FIG. 1 is a vertical cross-sectional view of one embodiment of the present invention in a water-flowing state, FIG. 2 is a longitudinal cross-sectional view of main parts of another embodiment in a water-flowing state, and FIG. FIG. 2 is a longitudinal cross-sectional view showing two embodiments, also in a water-flowing state. 1...Valve body 2...Inflow port, 3...

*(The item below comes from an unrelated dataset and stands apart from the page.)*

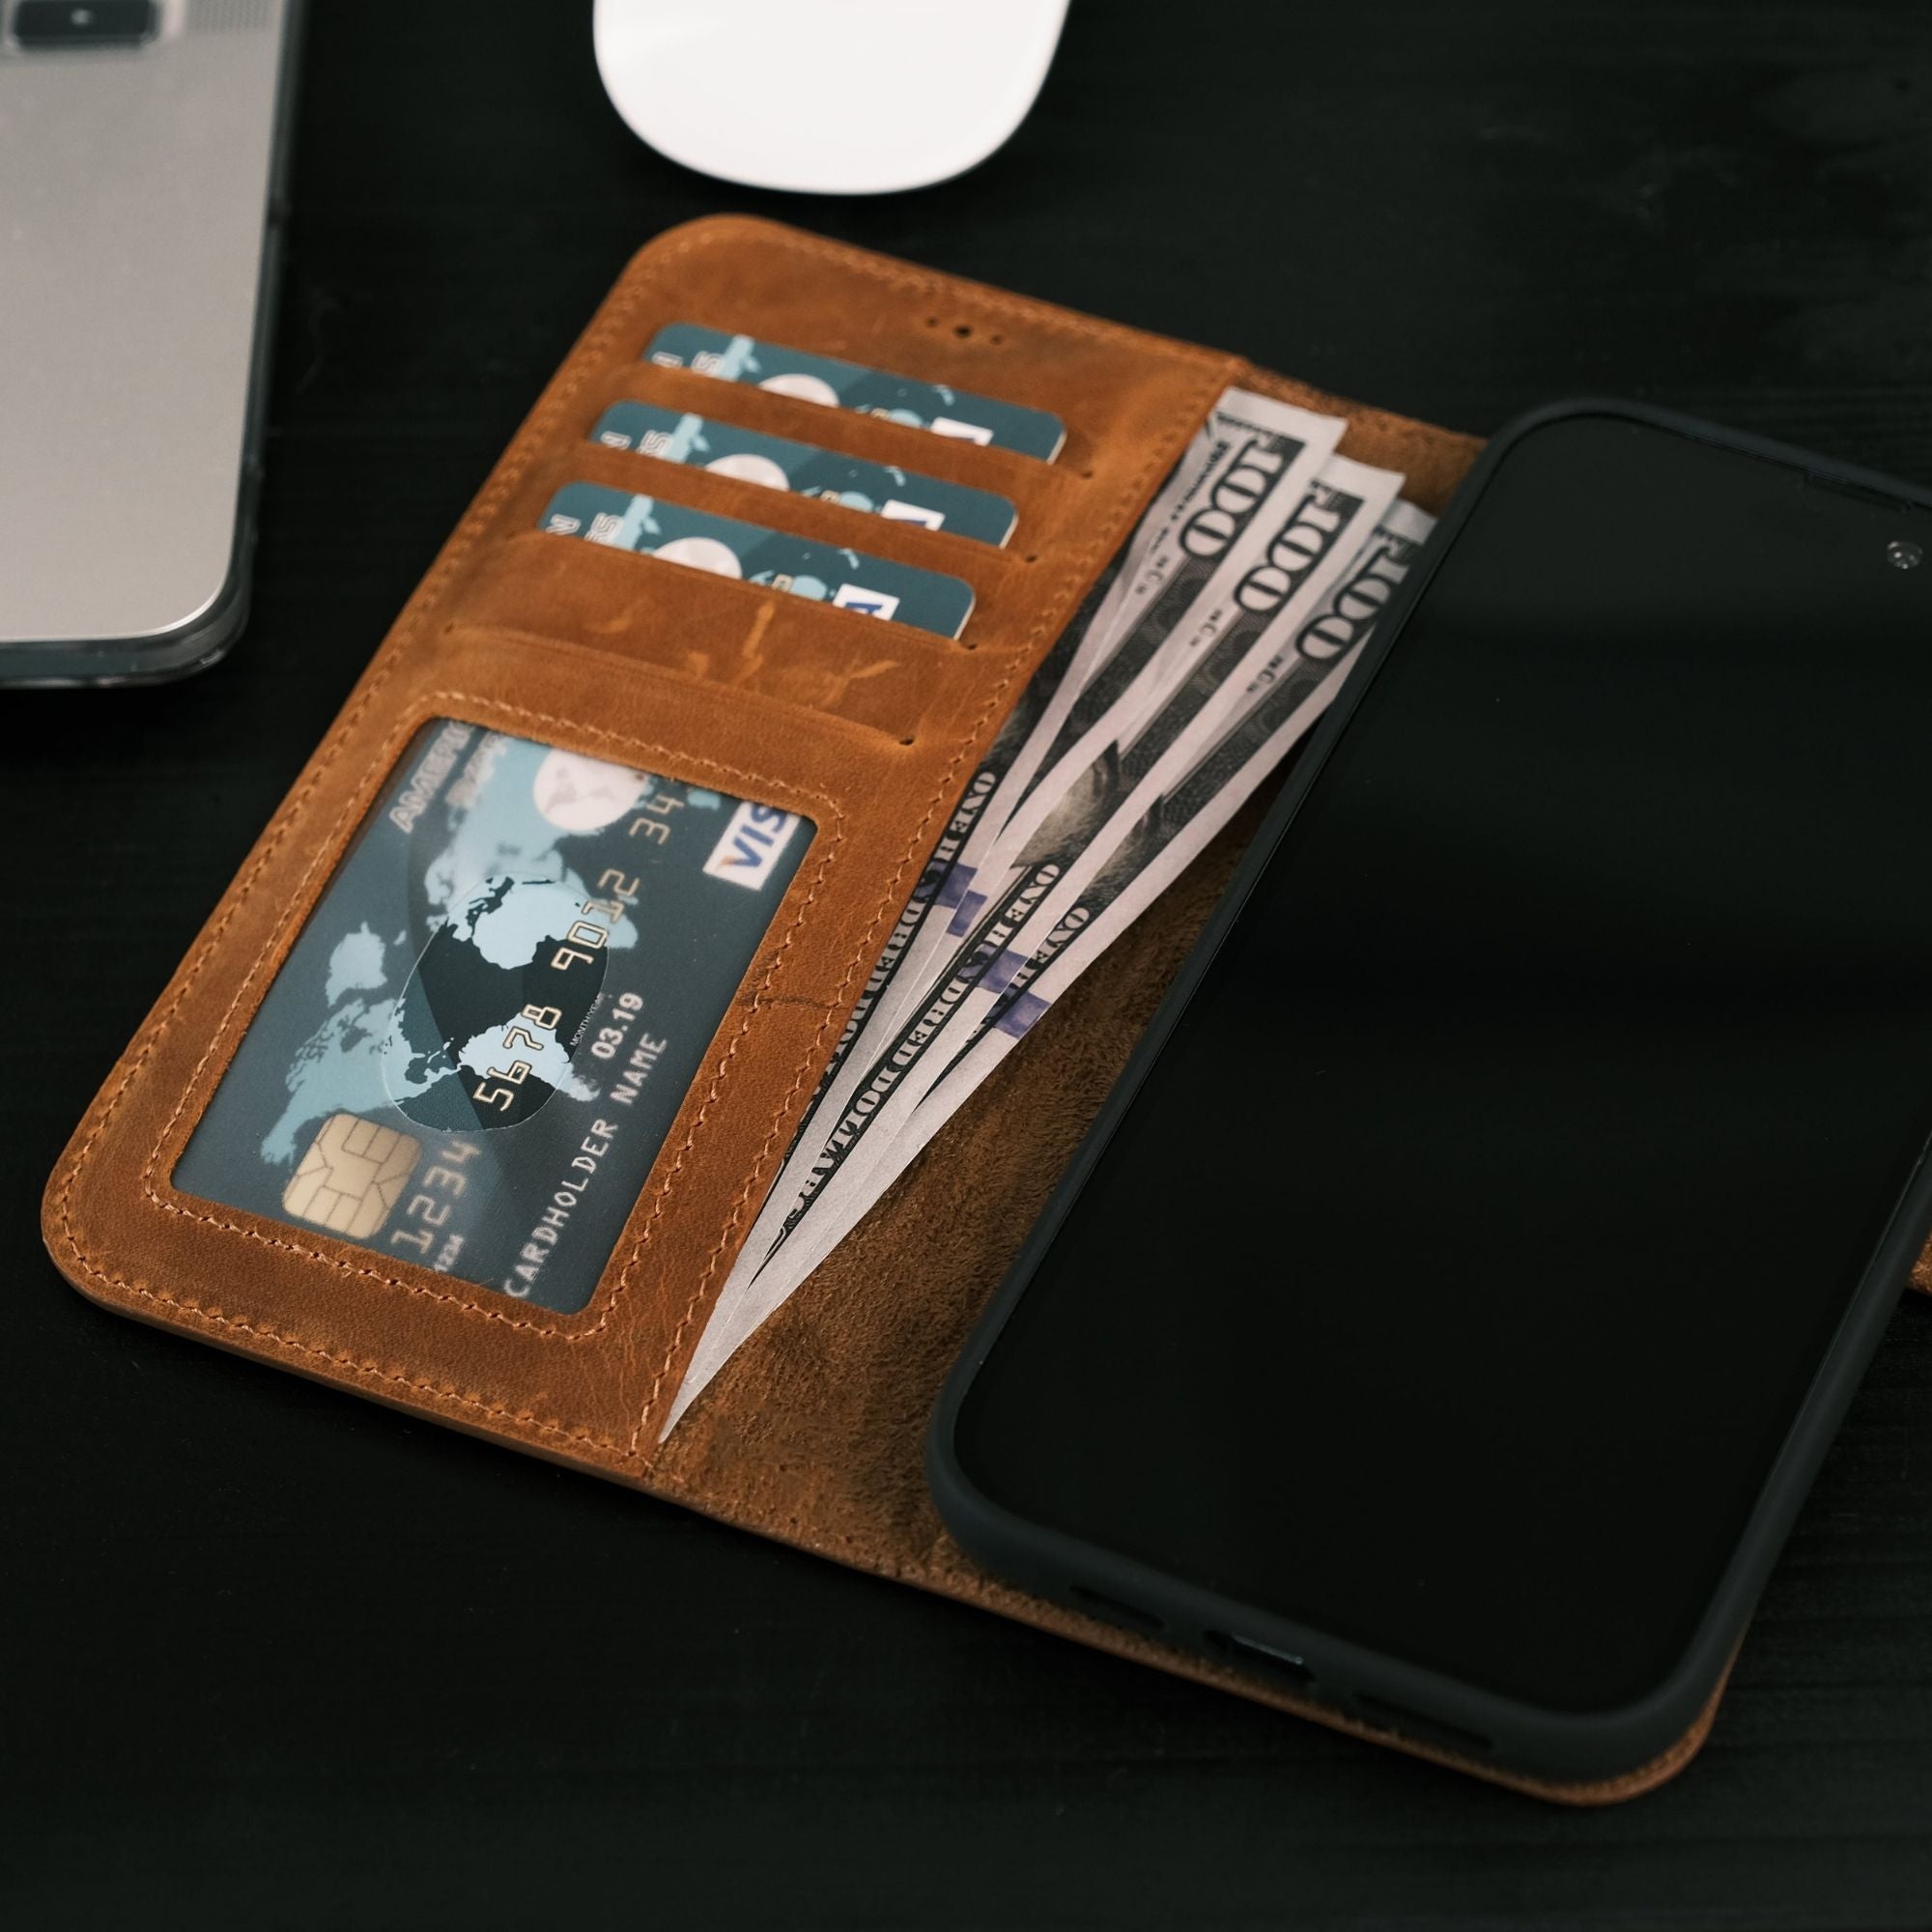 Folio 2-in-1 iPhone Wallet w/ Detachable Folding Card Holder Case

... Outlet, 4... Drain port, 5-8...
...Cylinder, 9...Piston, 10-13
...Ring-shaped gasket, 14 ... Communication hole, 15 ... Pressure chamber, 16 ... Spring,
20... Pipe, 21... Operating unit main body, 22... Rod, 23... Operating rod.

Claims (1)

[Scope of utility model registration request] It is connected to the operation unit main body via a pipe, and there is an inlet on the side,
A piston having a required number of ring-shaped gaskets, which is connected via an operating lever and a rod, moves up and down inside the cylindrical valve body having an outflow port and a drainage port. In an antifreeze faucet of the type in which the ring-shaped gasket fits tightly onto two cylinders of the same diameter to stop water, the cylinders installed above and below the inlet, and the cylinders installed between the outlet and drain ports. A pressure chamber adjacent to the outlet is formed between the large and small cylinders by having a diameter difference between the cylinders, and the piston has a communication hole therein to open the lower end chamber of the piston to the atmosphere. A pressure-reducing antifreeze faucet that constantly receives downward force from a spring.